Posted on in Customer Service Tip of the Week Please leave a comment

We want the satisfied customer.  We want the issue resolved.  We want to be able to fix the error or save the client.  We want to feel good coming out of a conversation, or feel like we have accomplished something special.  We want the “win win.”

But all those great feelings and those accomplishments relate to outcomes.  And all too often, we do not control the outcome.

I did the best I could.

Sometimes we have to give ourselves some grace.  We have to realize that we’re not in control of the customer, our policy, our product, our facility, and oftentimes our process or the attitudes of our co-workers.
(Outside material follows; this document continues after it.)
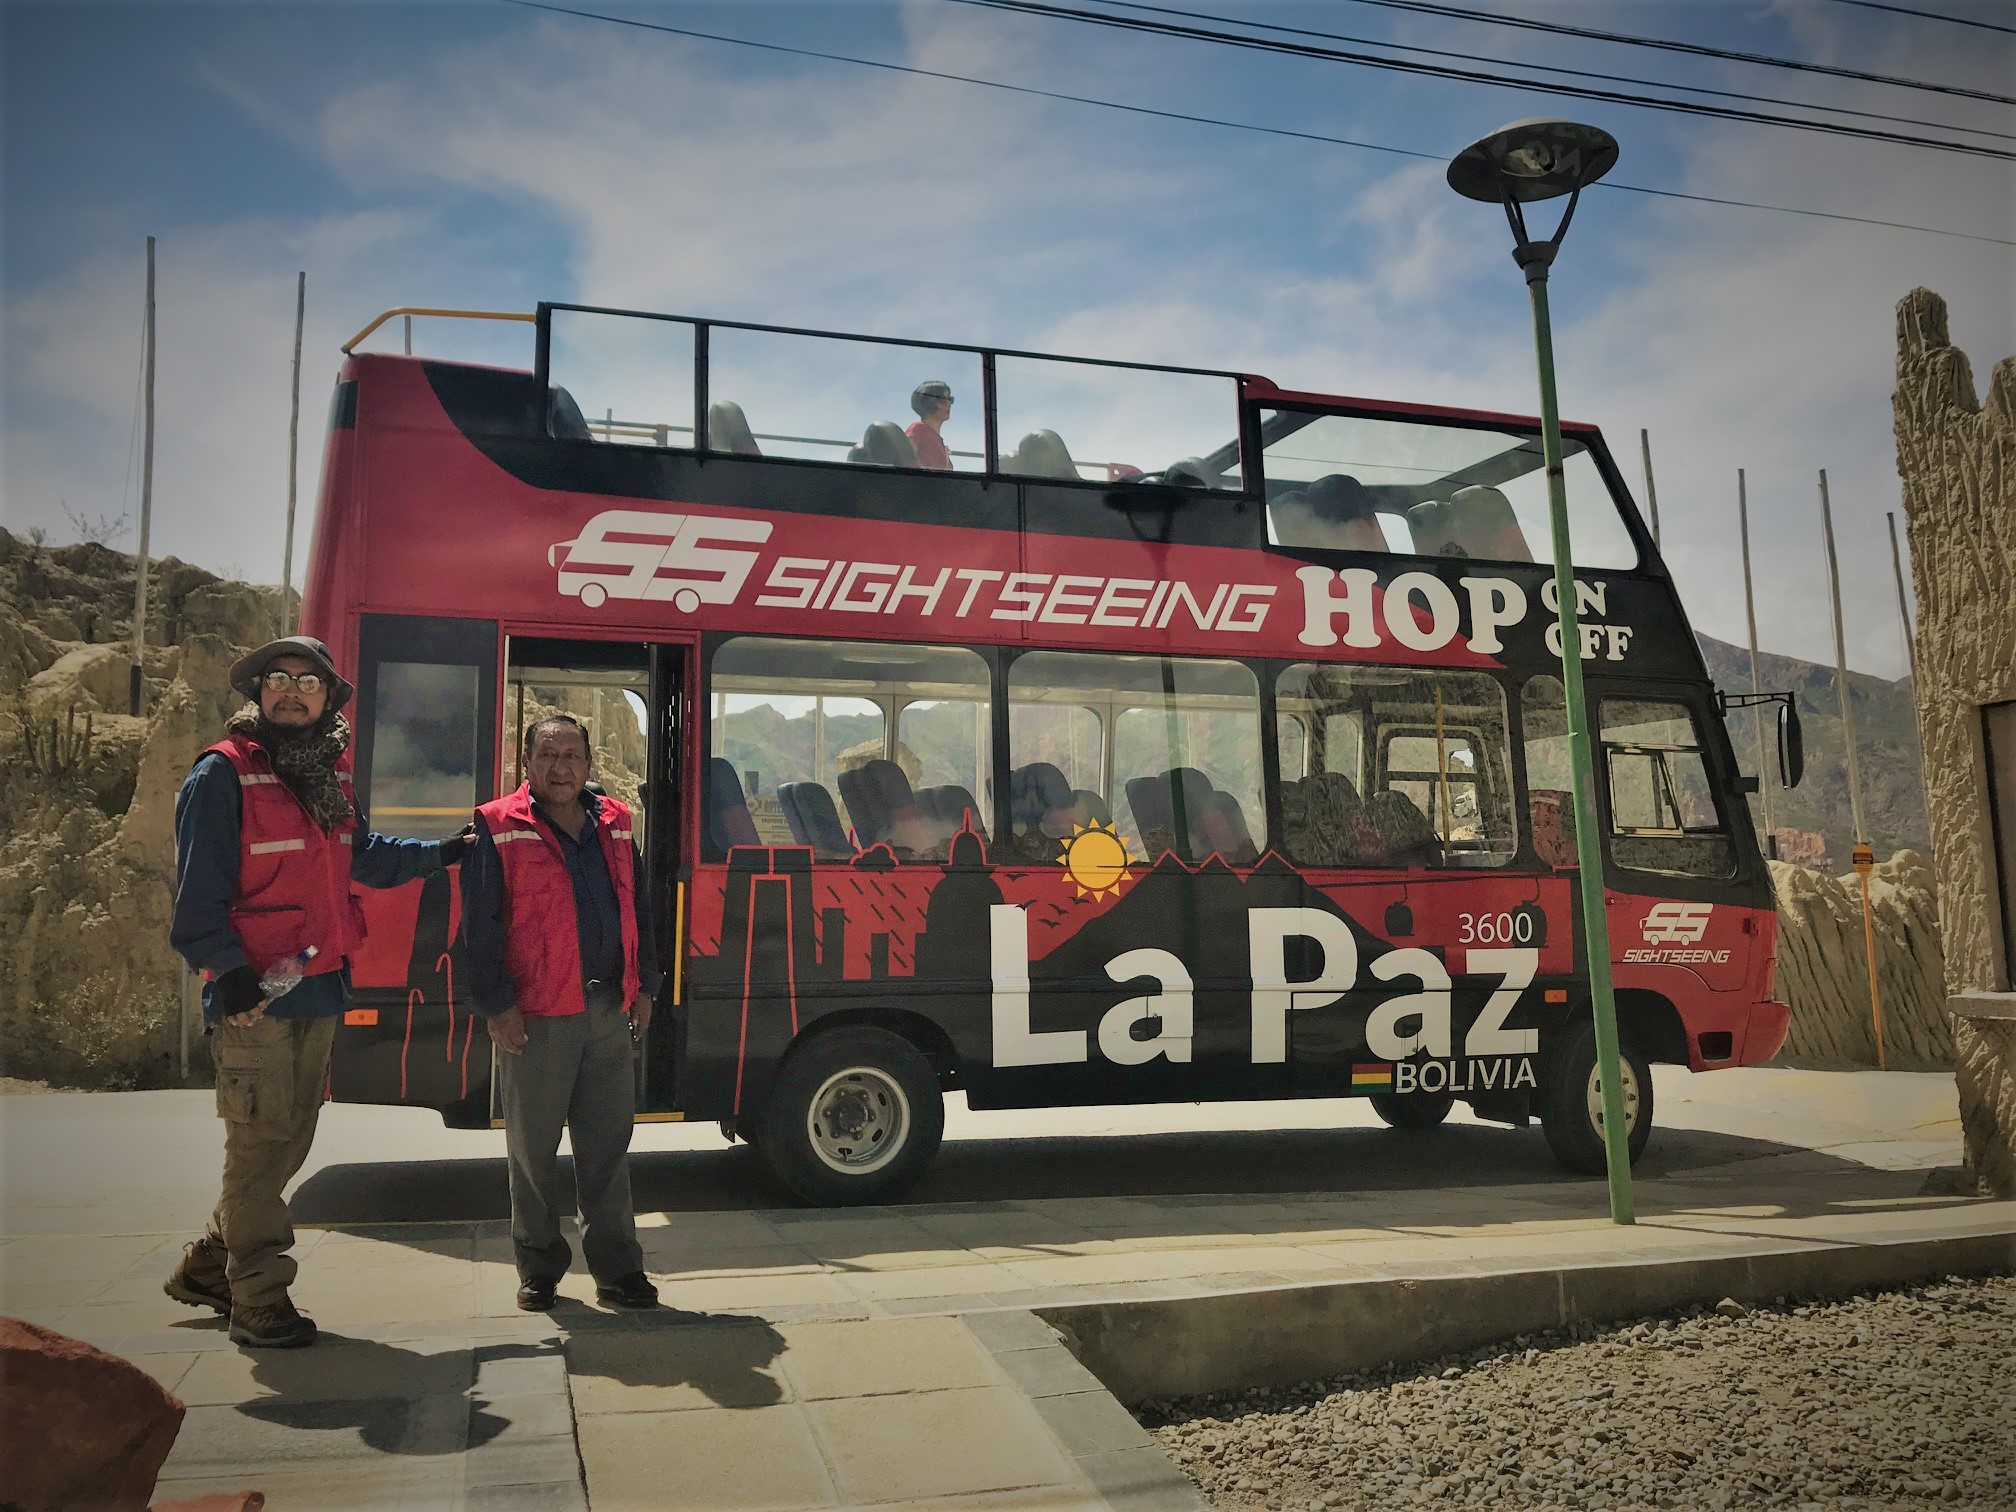 Sightseeing City Tour La Paz
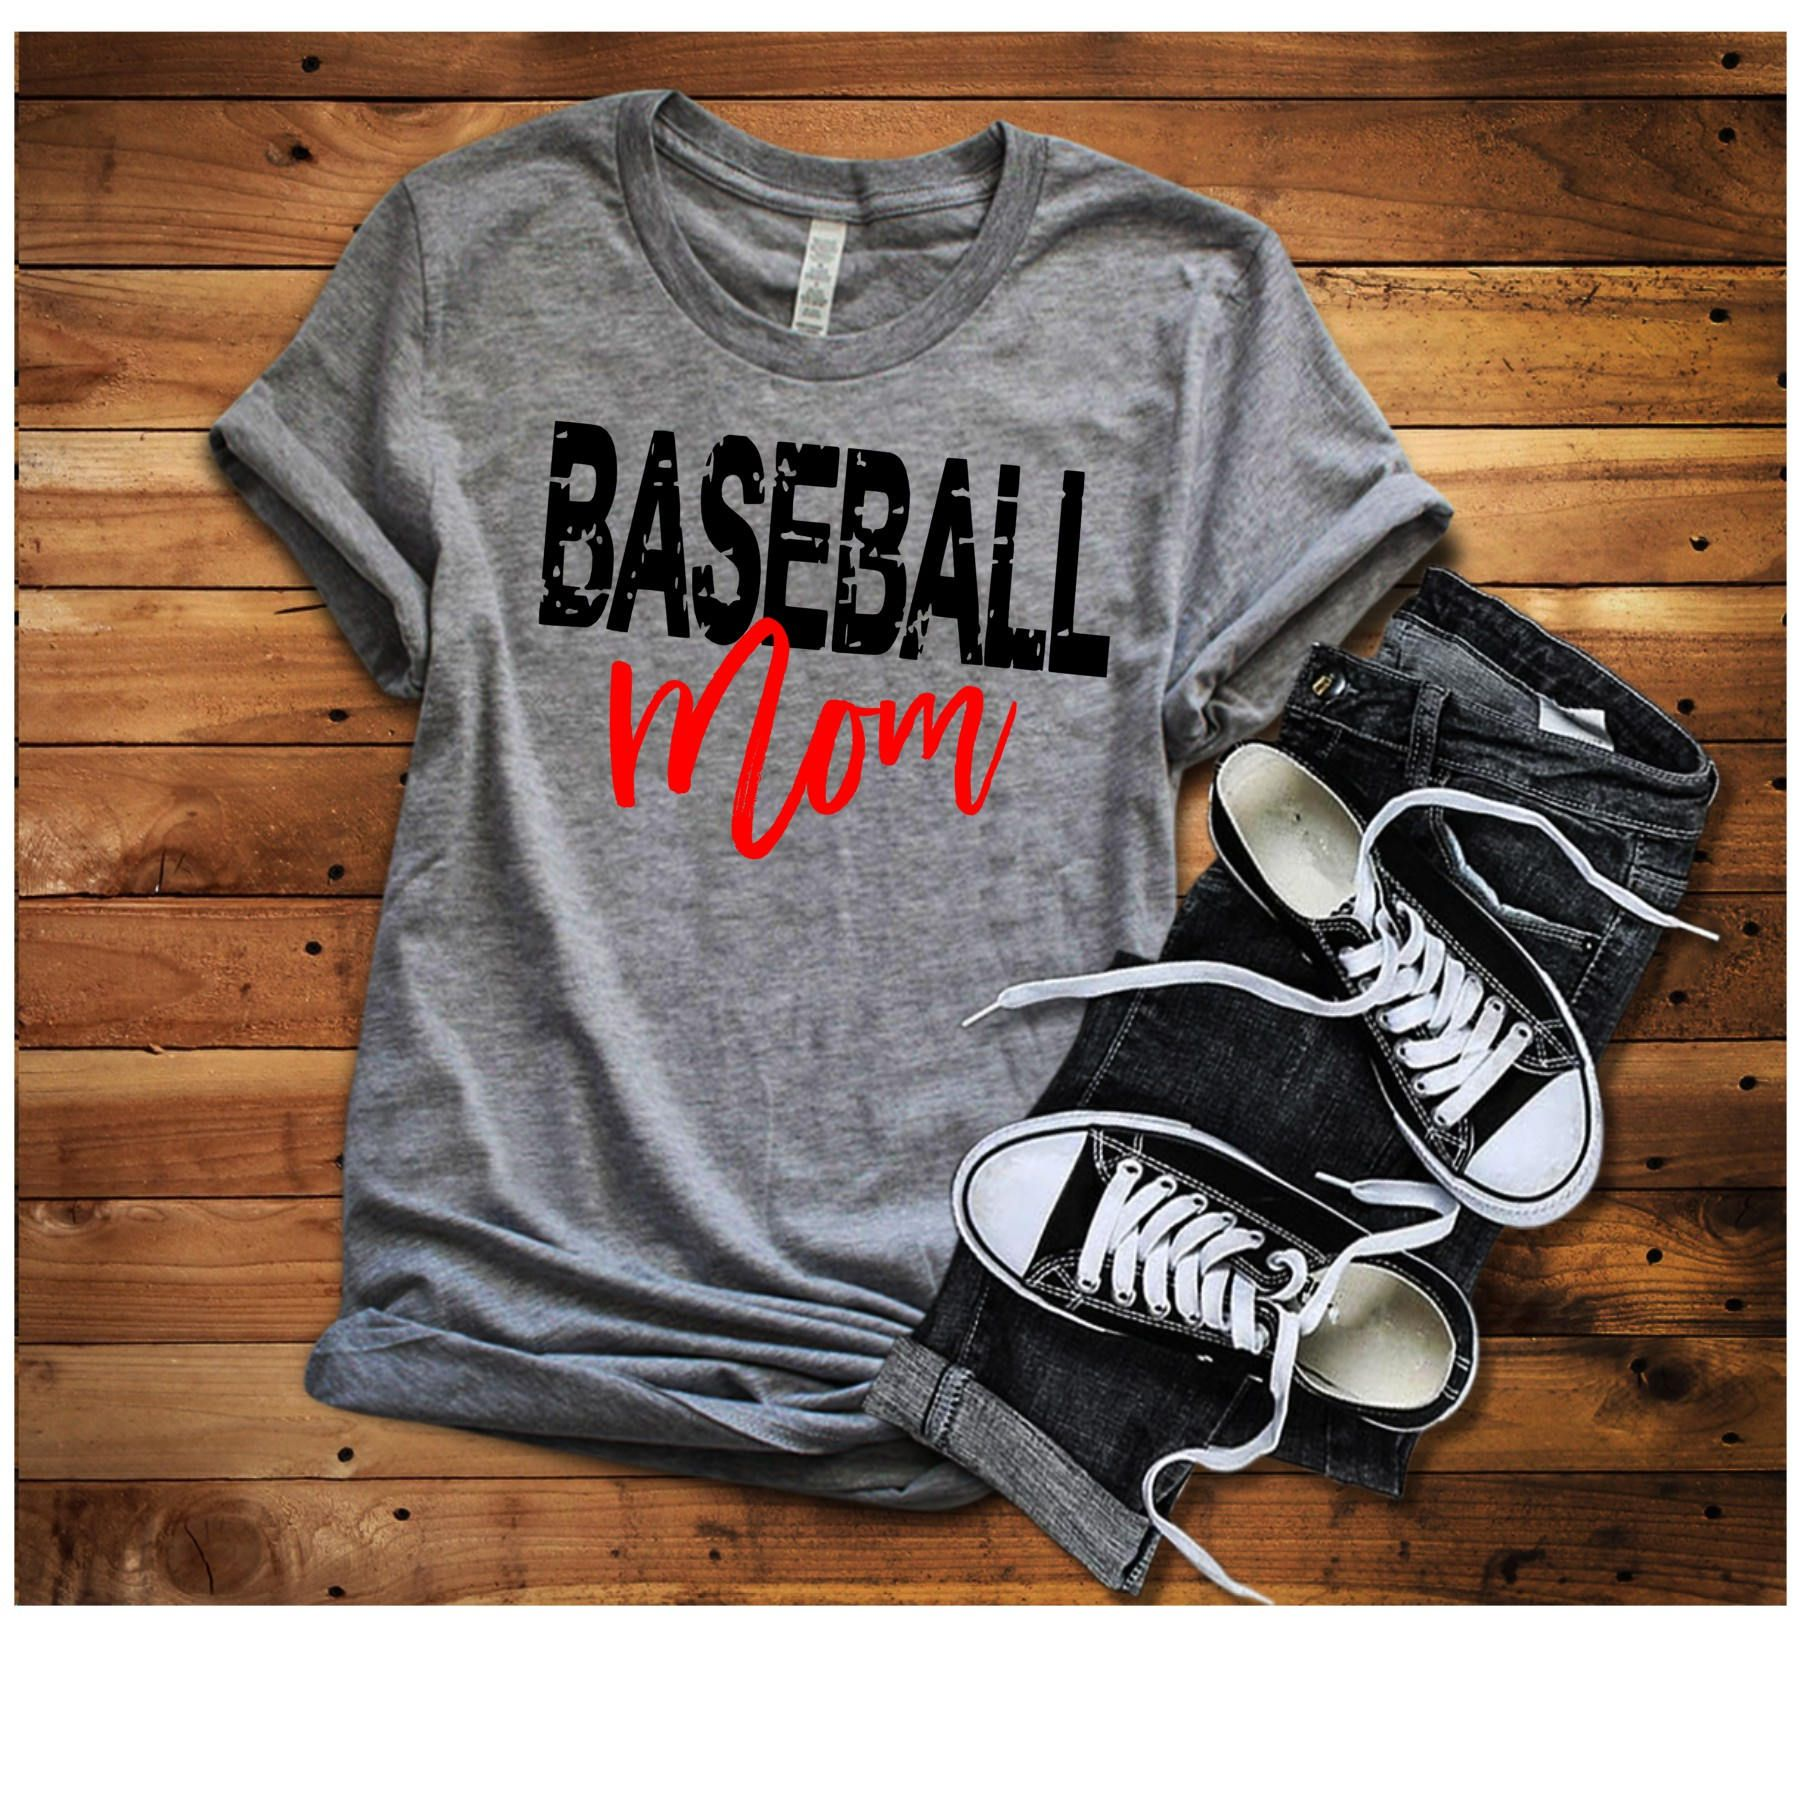 ef14be49 Baseball Mom Shirt, Baseball Shirt, Woman's Baseball Shirt, Baseball  Grandma Shirt, Baseball

But there’s nobody in more control of us, than us.

So, if we do the best we could at preparing for the situation through training and practice and reading and learning and listening to others, we can feel good about that.  If we do the best we could in trying to understand the customer, we can feel good about that.  

If we think of potential solutions and we engage the customer and others to try to figure those out, if we tap into what our systems and our policies and our procedures have to offer, we can feel good about that.

The ultimate outcome or the feelings of others are things that we cannot control.

So, if we want to feel good personally regardless of the outcome, we need to do the best we can.  We can feel good about the effort and the actions, and not feel bad because we couldn’t create the perfect outcome.

Do the best you can to prepare and to engage and to try to help.  And instead of feeling bad about the outcome, try to feel a little bit better about the effort you put in preparing for that moment and putting that preparation into practice.

Feel good that you did the best you could.